Her Tom Jones co-star, Susannah York, was no less talented or rubber-faced. Sitting down to the harpsichord, York’s Sophie lours privately, pressing the keys without feeling, as her loutish father praises her heavenly abilities: “Ah, you play like an angel.” Later, John Addison’s ‘Love Theme’ plays over a four-minute montage of Tom and Sophie gambolling over her father’s estate. Sophie takes cuttings from a climbing rose, white petals catching in her laughing mouth; she rides a mare barefoot, and dances on the lawn with the spaniel watching; and, caught in a cloudburst, she bobs, jubilant, at Tom’s fetching her a flower from the full river. 

Susannah York as Sophie in Tom Jones (1963)

What has an 18th-century inheritress have in common with working-class Jo of 1960s Salford? Only their capacity for play. Jo dances, arms wide, to Jimmy’s tomtom accompaniment and, posing as a flapper for amateur painter Geof, twirls her beads and grimaces. Pratting about, in the world of Woodfall, is not the preserve of men. Just as Arthur Seaton is “out for a good time”, so, too, is his lover Brenda, who wants tenderness and sex as well as to keep her family.

Rita Tushingham as Jo in A Taste of Honey (1961)

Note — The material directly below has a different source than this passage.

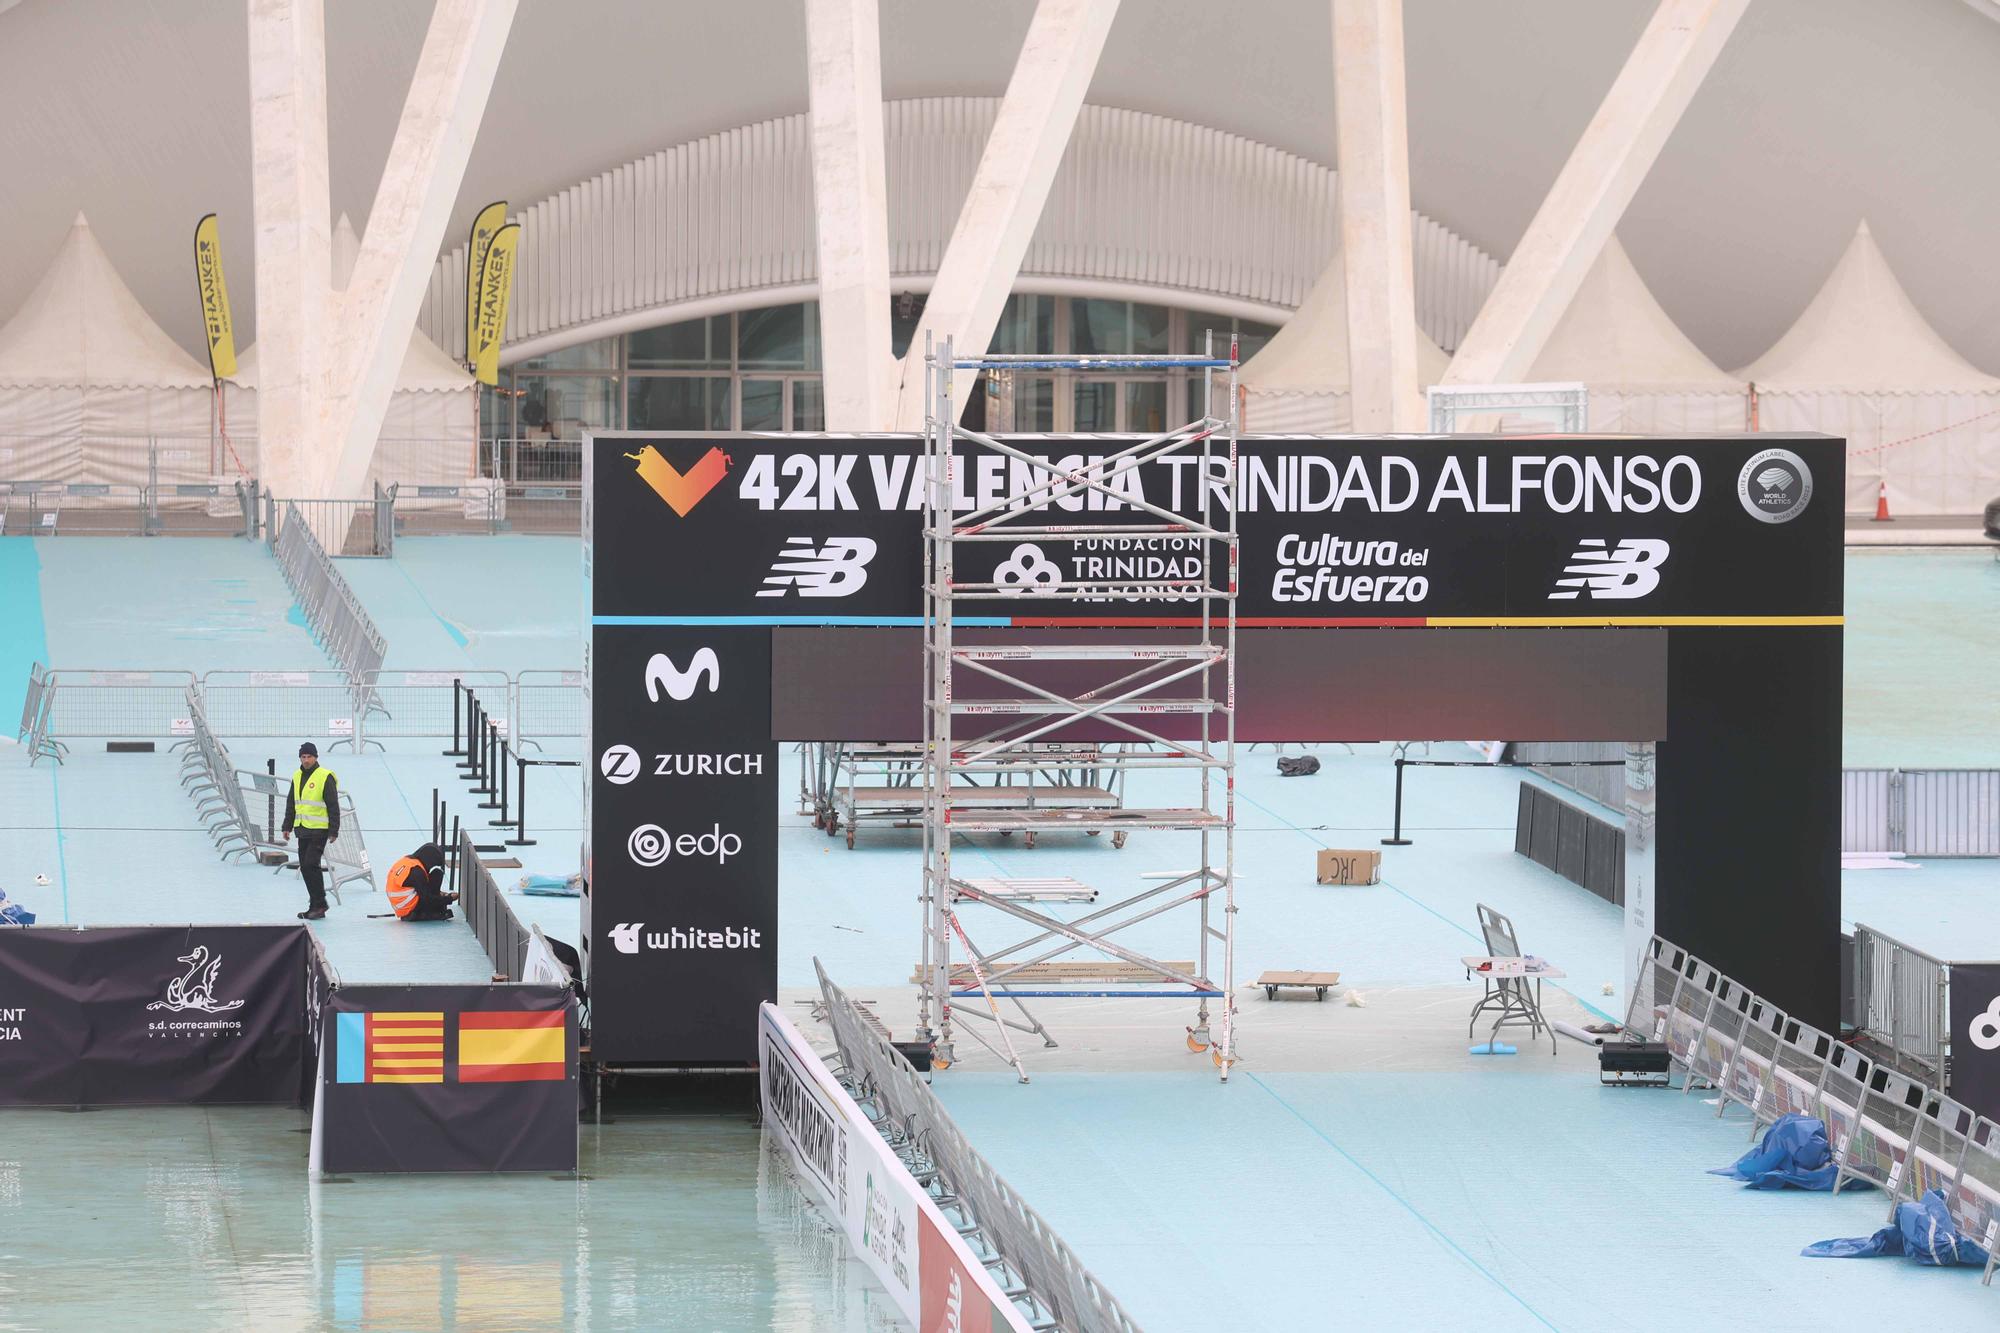 Preparativos para el Maratón Valencia Trinidad Alfonso 2022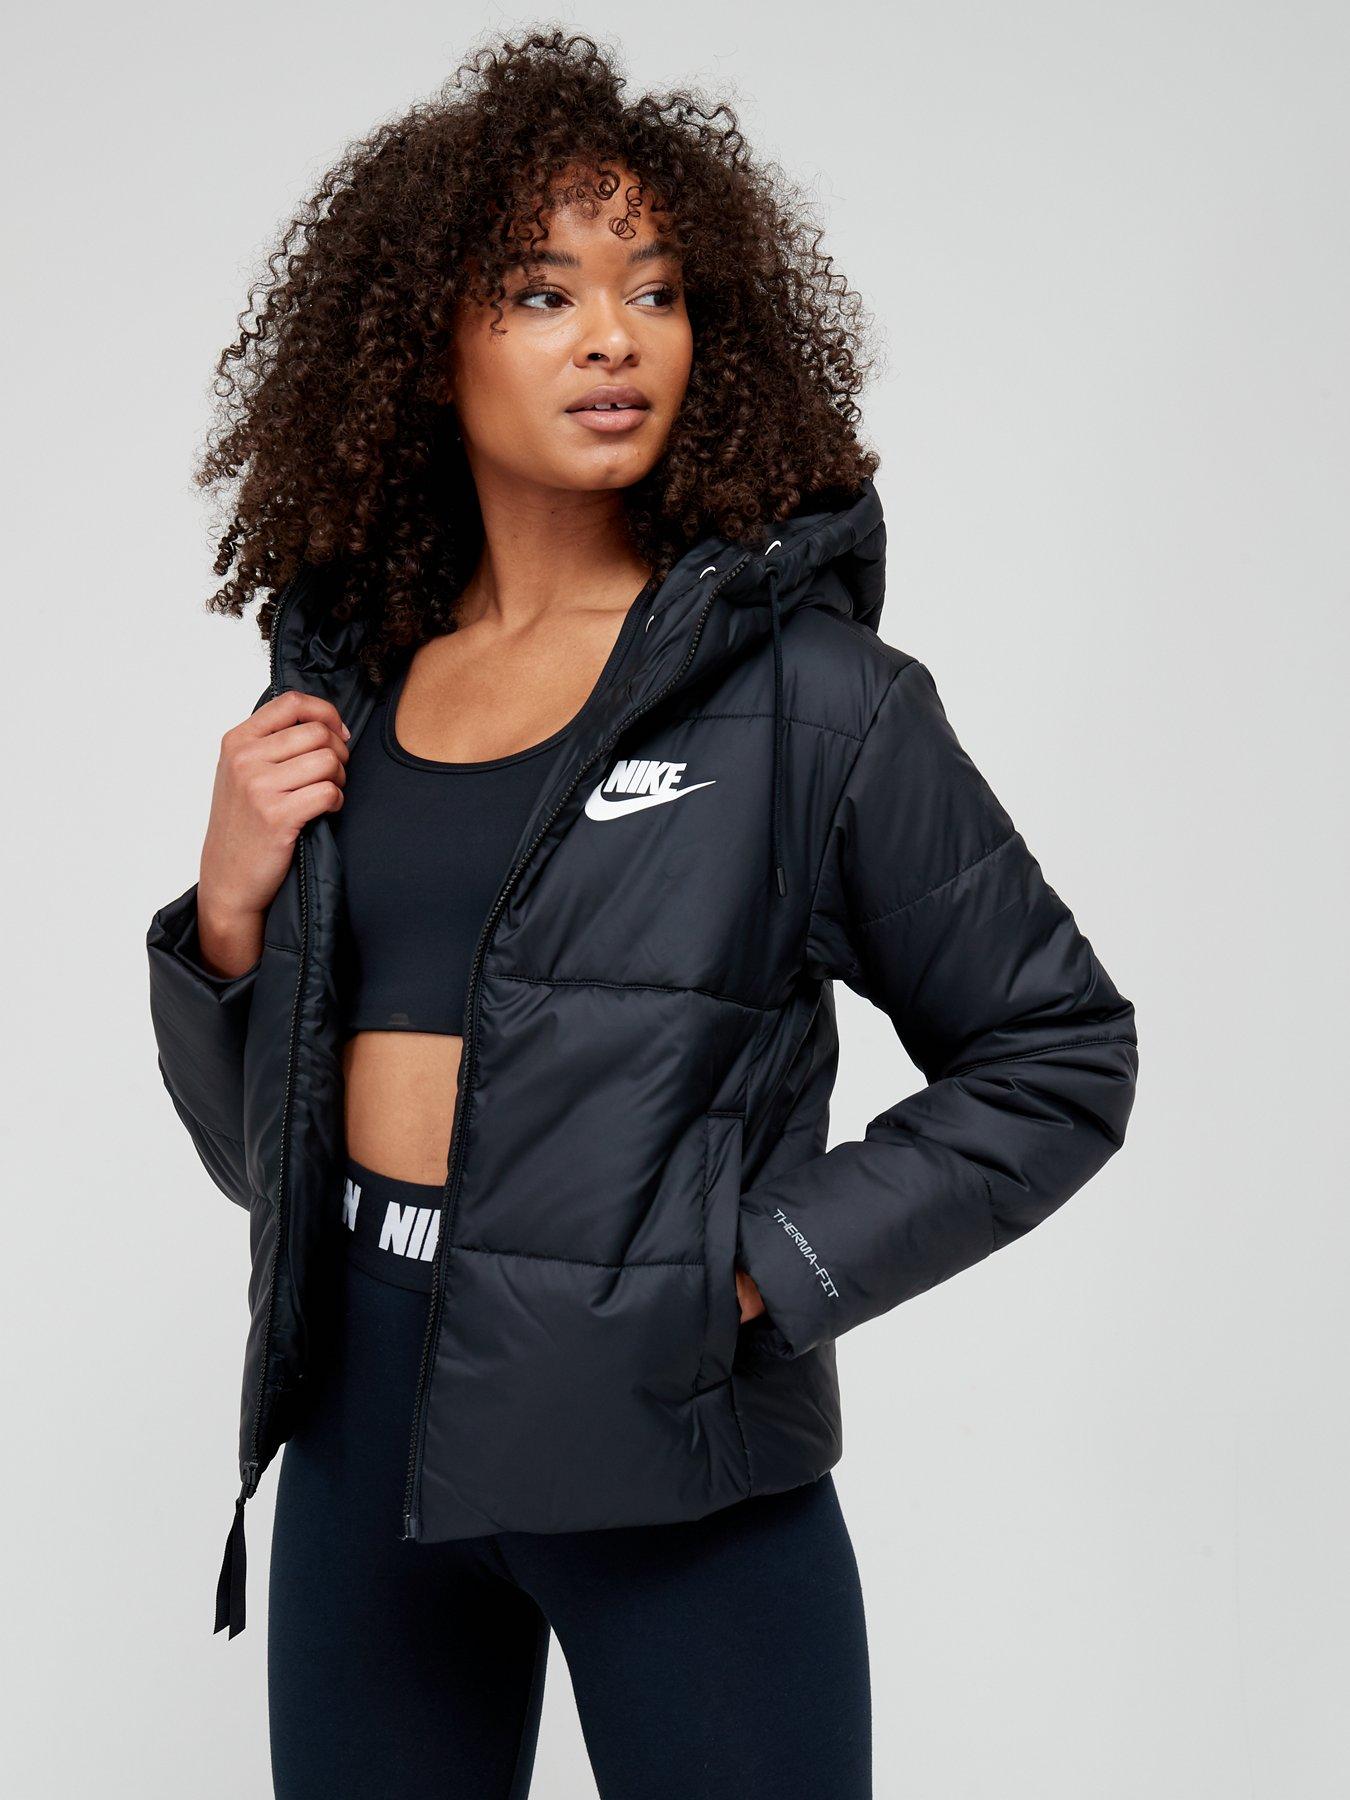 Getand handelaar verkopen Nike | Coats & jackets | Women | Very Ireland

Woodfall is to be praised for individualising its women. It’s an achievement of particular significance for the working-class characters among them, liable, then as now, to be treated as homogeneous; as all alike. The collective works of Woodfall proclaim the multiplicity of working-class experience. No two existences are the same, they say. As Jo calls down to Geof, having marched out of the shade of the arches of Stockport Viaduct: “My usual self is a very unusual self.” Backlit by a big sky, throwing up her arms as though she would take off, she shouts for all the world to hear: “I’m an extraordinary person! There’s only one of me, like there’s only one of you!”